## Task description
Starting at the line that contains "PES 2019 Team", reproduce only the lines through the end of the data, exactly, including both the first and the last; skip the pictures.

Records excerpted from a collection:
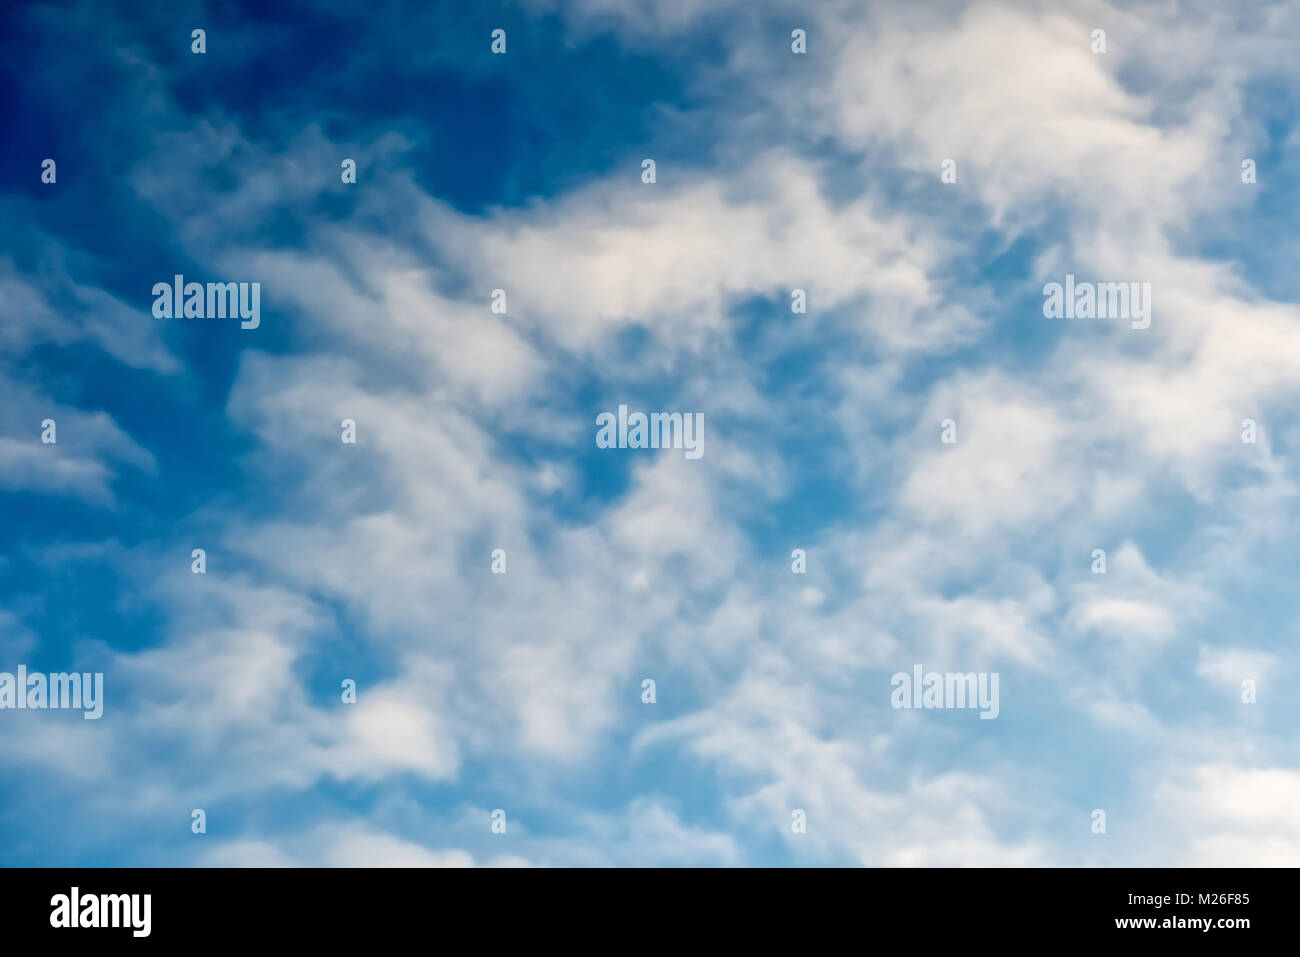 Beautiful natural bright blue sky background with white fluffy clouds. Concept of peacefull sunny day. Stock Photo
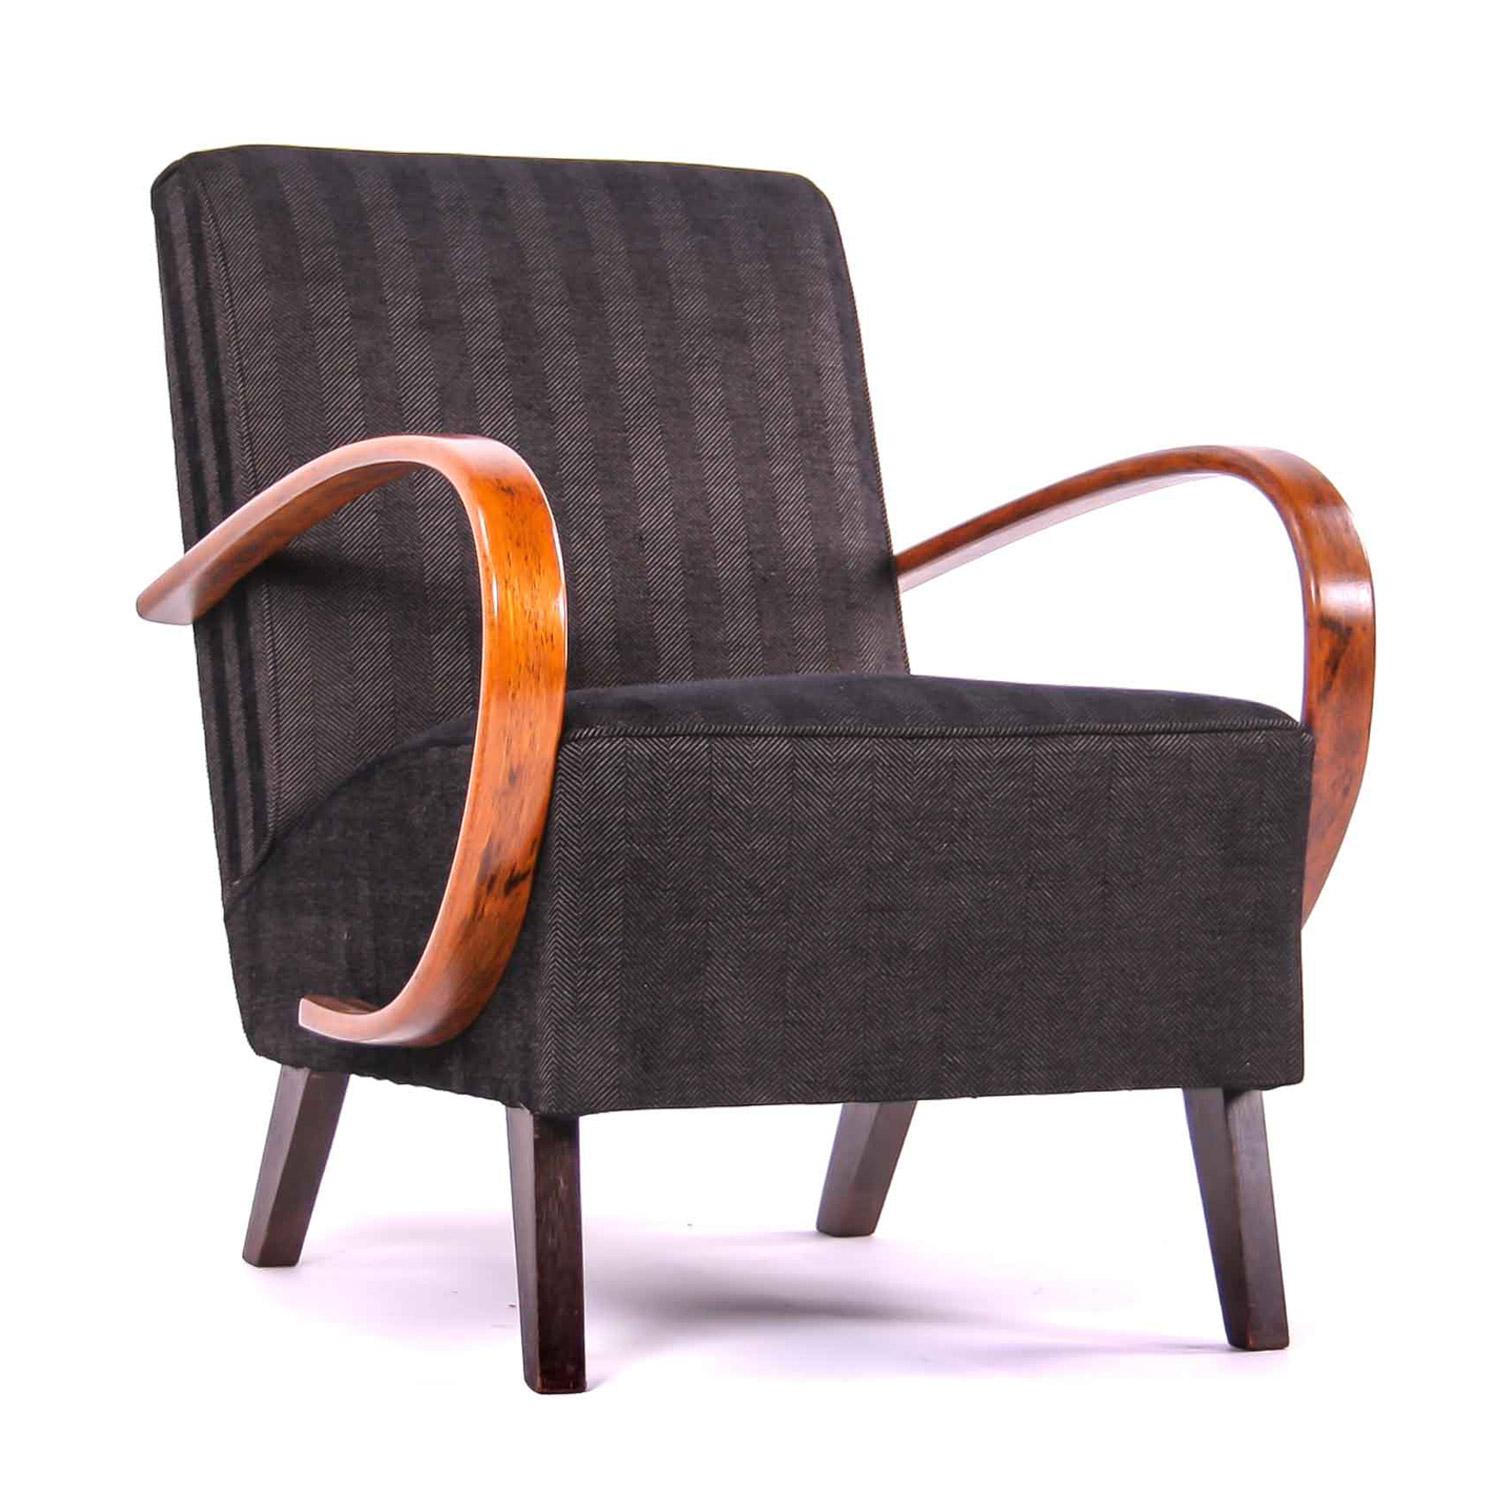 Original piece of furniture after renovation.
A very comfortable and practical chair that finds space in any space. Precise refurbishment and the highest quality materials guarantee long-term durability of the chair. Ideal for men's room.

 
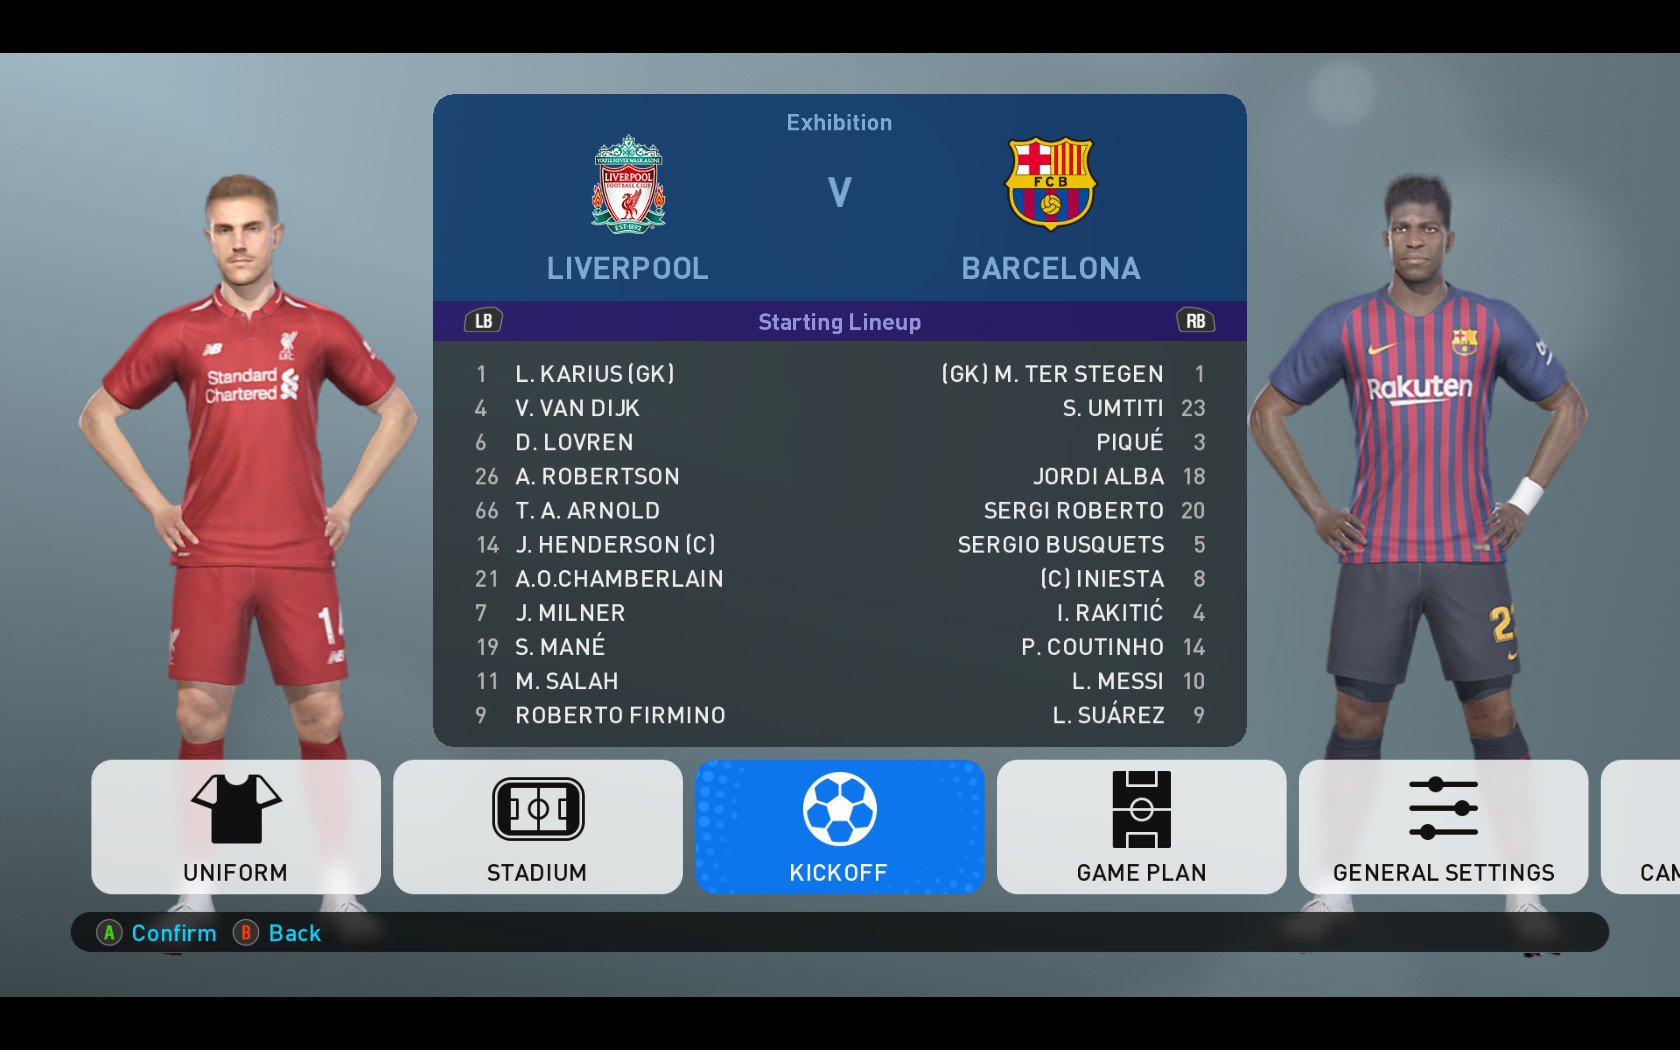 PES 2019 Team Selection Screen with Liverpool vs Barcelona
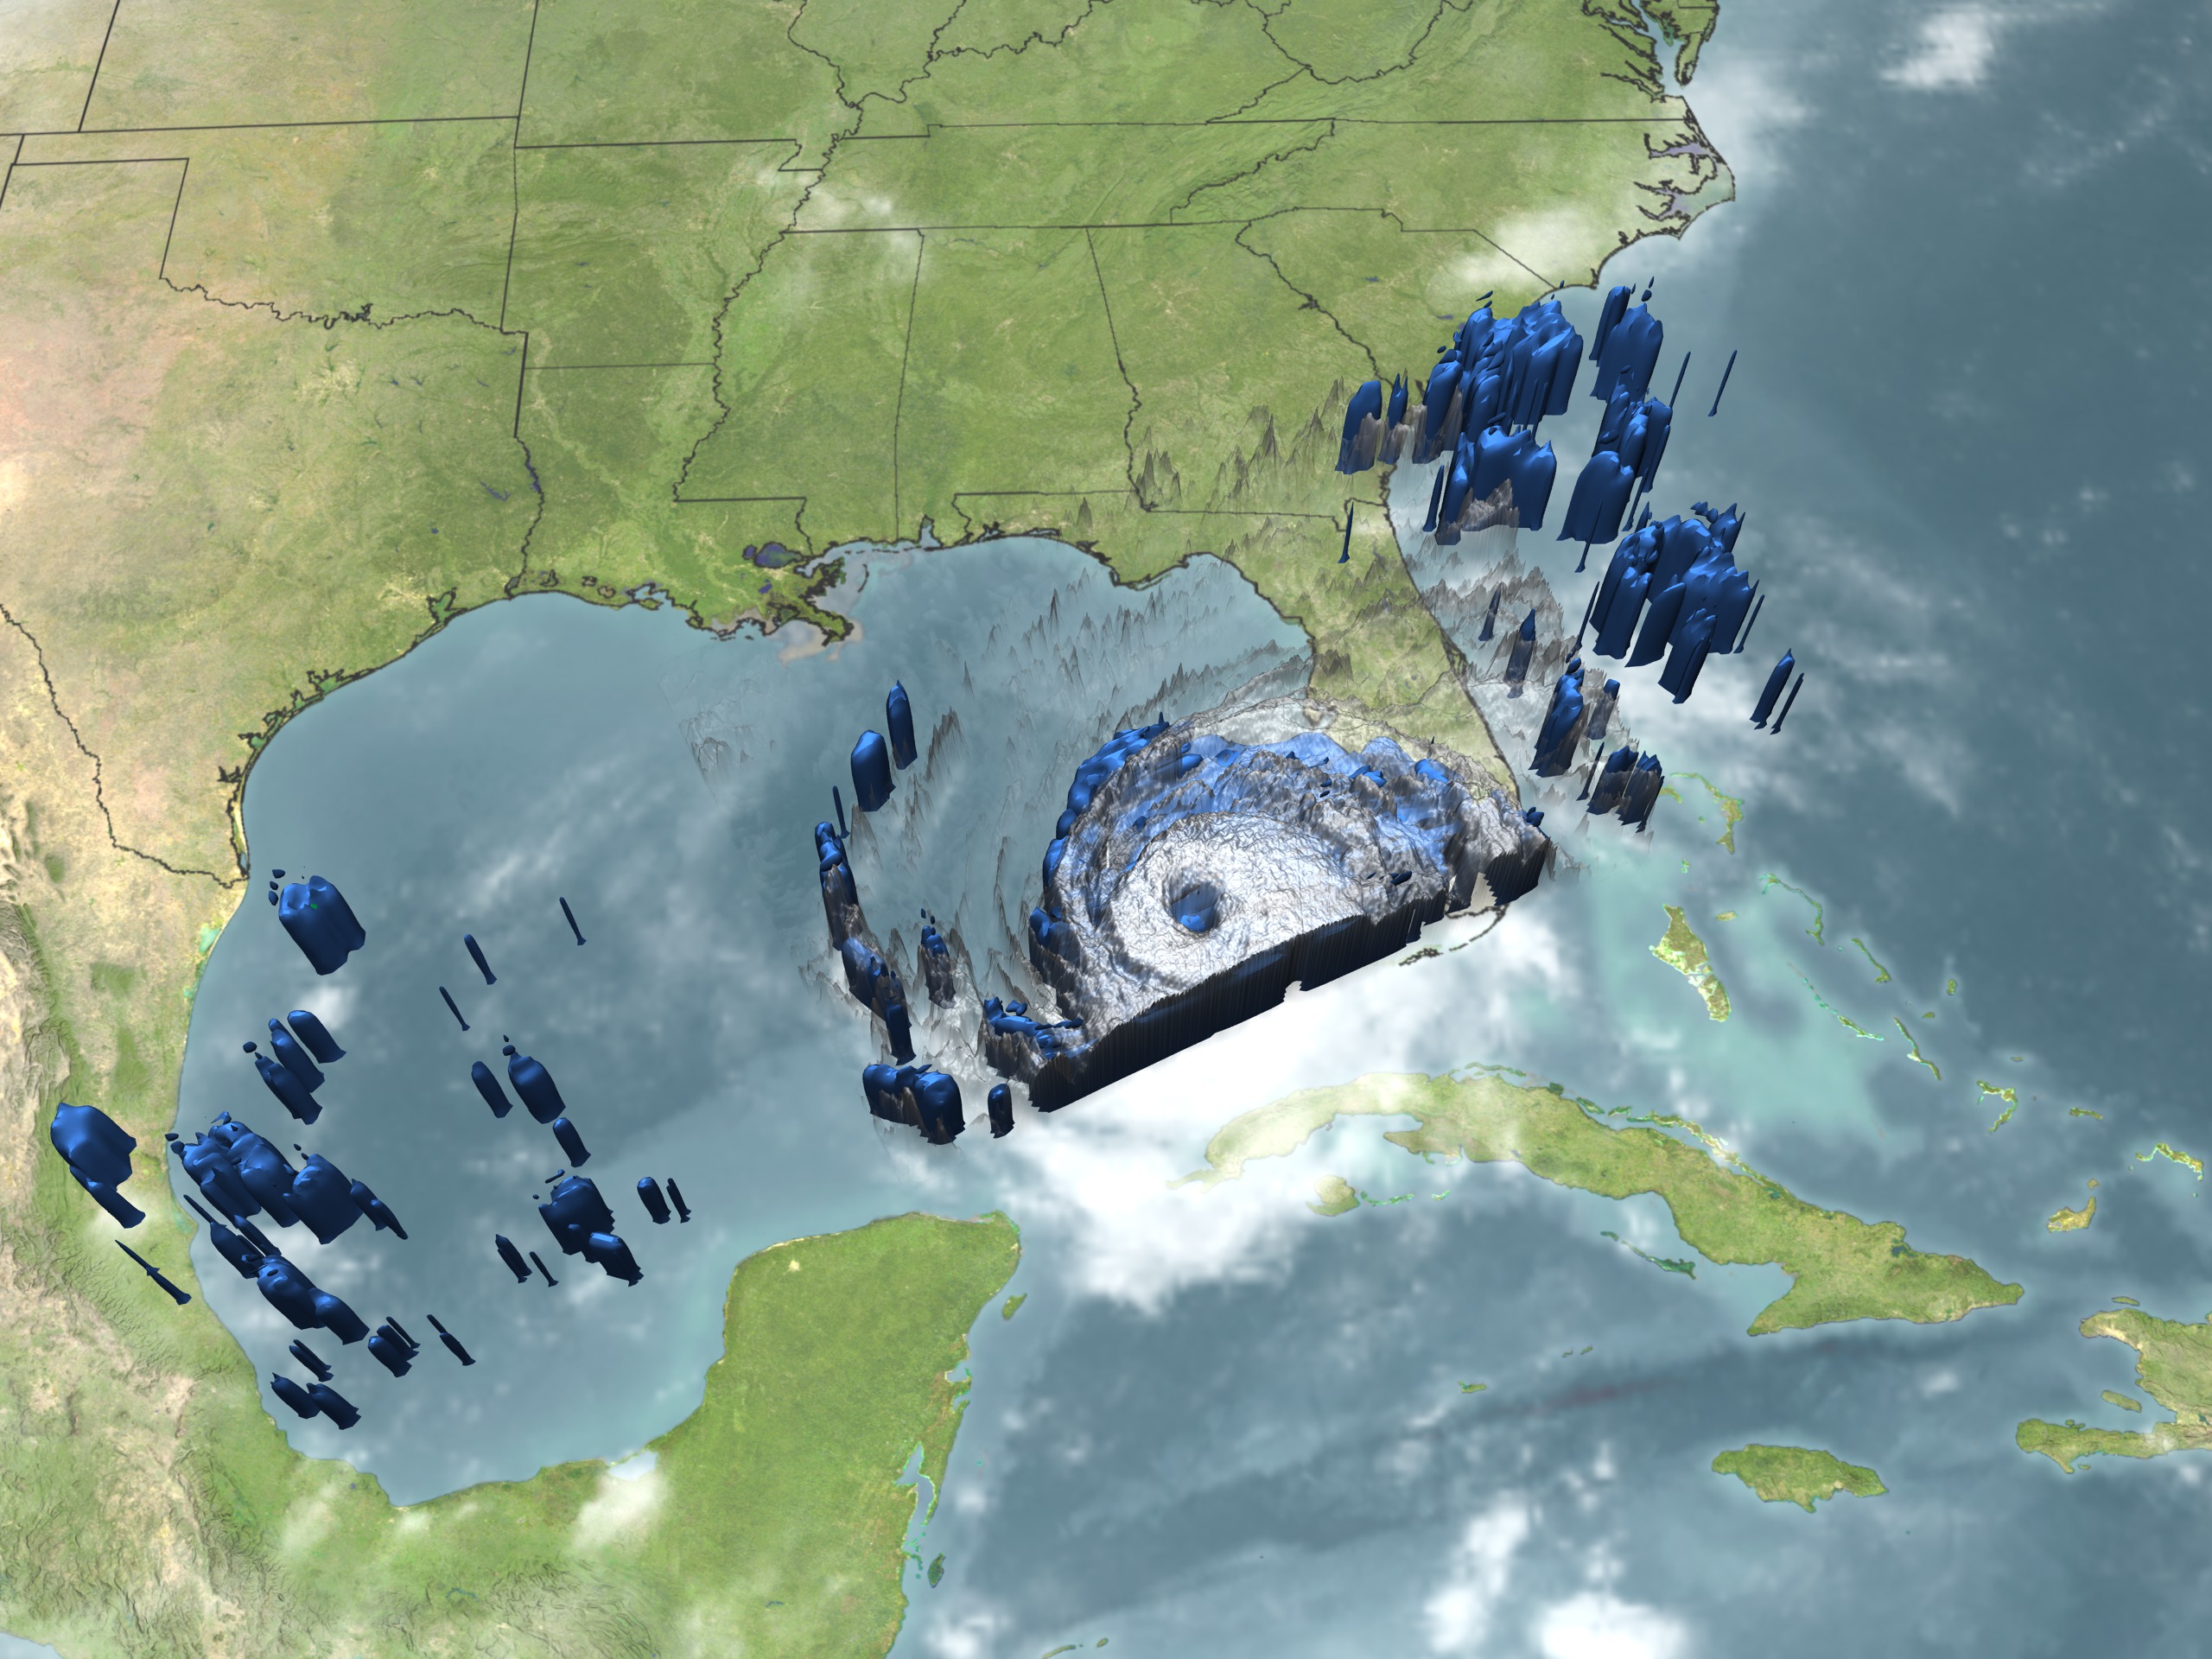 Hurricane Rita on September 21, 2005 at 0909Z.  The storm has a 25 nautical mile eye diameter.  Blue represents the rain structure that is fueling the storm.

## Exercise answer
 PES 2019 Team Selection Screen with Liverpool vs Barcelona
 Hurricane Rita on September 21, 2005 at 0909Z.  The storm has a 25 nautical mile eye diameter.  Blue represents the rain structure that is fueling the storm.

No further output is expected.